Disneyfication of Peter Max

Carl Jung believed that art provides insight to the subconscious. But his brand of psycho and art therapy assumes that there is depth and discovery to the subconscious in question. That is not always the case. Peter Max scrawls his intentions clearly (in three letters) across every canvas he covers.
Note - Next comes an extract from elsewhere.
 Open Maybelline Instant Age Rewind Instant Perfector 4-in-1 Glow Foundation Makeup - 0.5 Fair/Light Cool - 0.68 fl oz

Proof that you don’t need psychoanalysis to be happy—Peter Max is ecstatic. Billions of dollars and worldwide recognition can do that to a man. And his art reflects happiness—it is bright and nonsensical and cheery. Perhaps that’s a contributing factor to his mass appeal—Max paintings sell like Disney t-shirts and McDonalds cheeseburgers. The concepts behind his creations are so absurdly simple that Max himself can’t even predict in advance where his brushes will go. He dips and dabs and scribbles with velocity until something feels right. And when it’s all over the product is so absurdly simple that Max can’t explain what it is. “These shapes, I’m used to these kinds of lines. I like to scribble.” If he were an abstract expressionist this Pollack-like statement could imply emotional depth, where the act is the art. But he’s not an abstract expressionist, or a surrealist. There is no depth. Max is a commercialist.
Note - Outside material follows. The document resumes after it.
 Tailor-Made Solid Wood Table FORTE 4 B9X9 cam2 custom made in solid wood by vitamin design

For Max, art media is secondary to prime time media. “Imagine being an actor and never being in a movie” he says, “you gotta practice your craft.” His studio is rumored to employ over 100 people to churn out the by product of his craft, which consists mainly of two categories; nonsensical scribbles and celebrity faces. Larry King, Brooke Shields, the Dalai Lama have all been captured by his brush, and they are not terrible portraits. The man does have skill—no one disputes that his earlier work showed attention to detail and technical competence. But once fame was achieved—between 1969 and 1971 Max grossed $1.1 billion—the focus shifted to quantity. If there is one Dalai Lama, there are 108 Dalai Lama’s.
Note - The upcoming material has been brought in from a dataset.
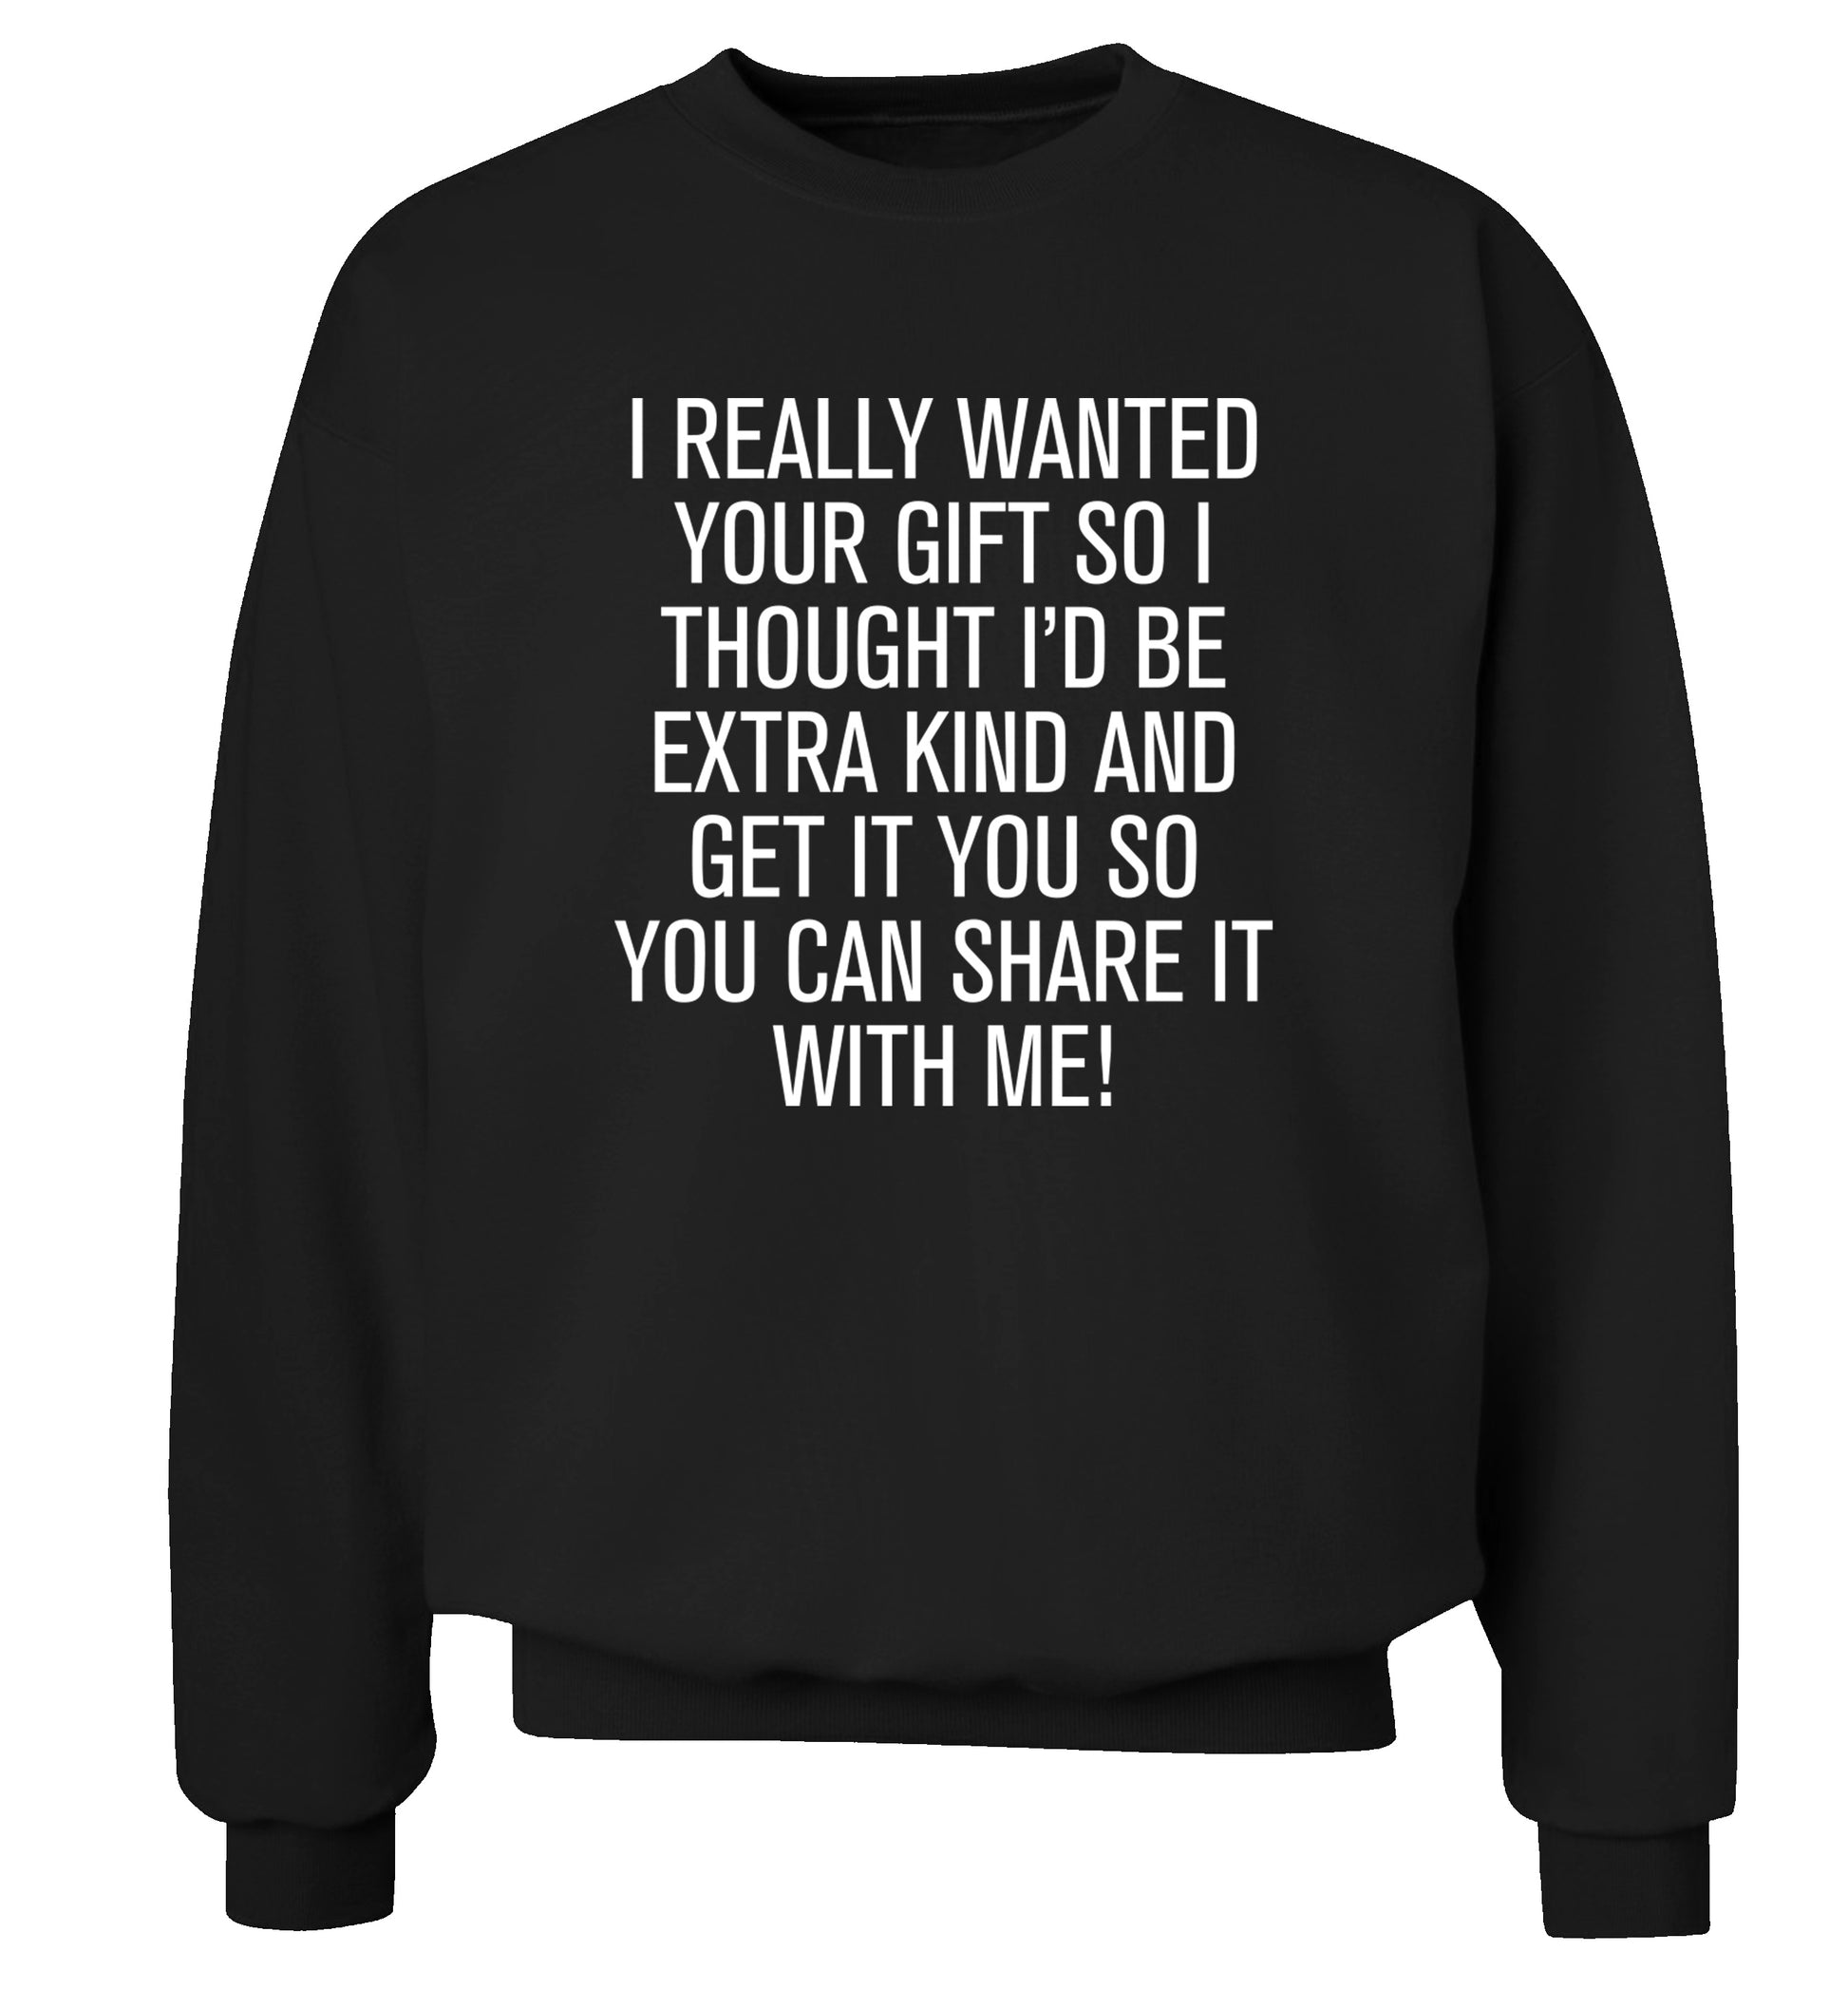 I really wanted your gift Adult's unisex black Sweater 2XL

The celebrity faces fit perfectly with Max’s mantra. “You gotta be in media.” He said. “How do you get in media? You do something media-worthy.” Like revealing 44 portraits of President Obama just before his inauguration as the 44th president. Or designing the side of a Continental Airlines plane. Or buying 36 Corvettes, one for each year they were made, when the man doesn’t even like cars. No, the half a million dollar collection was purchased as a PR stunt. Max planned to paint them in his signature colors and drive them onto a football field during the Super Bowl with cheerleaders on top. Yet while the Corvette stunt is still a figment of Max’s imagination, the cars have been left in a Brooklyn warehouse to accumulate dust. I can’t help but feel sorry for the young Peter Max, an artist who might have actually cared about art. But if that man existed he has been fossilized under shameless self promotion. The pixie dust of Max’s craft has buried him.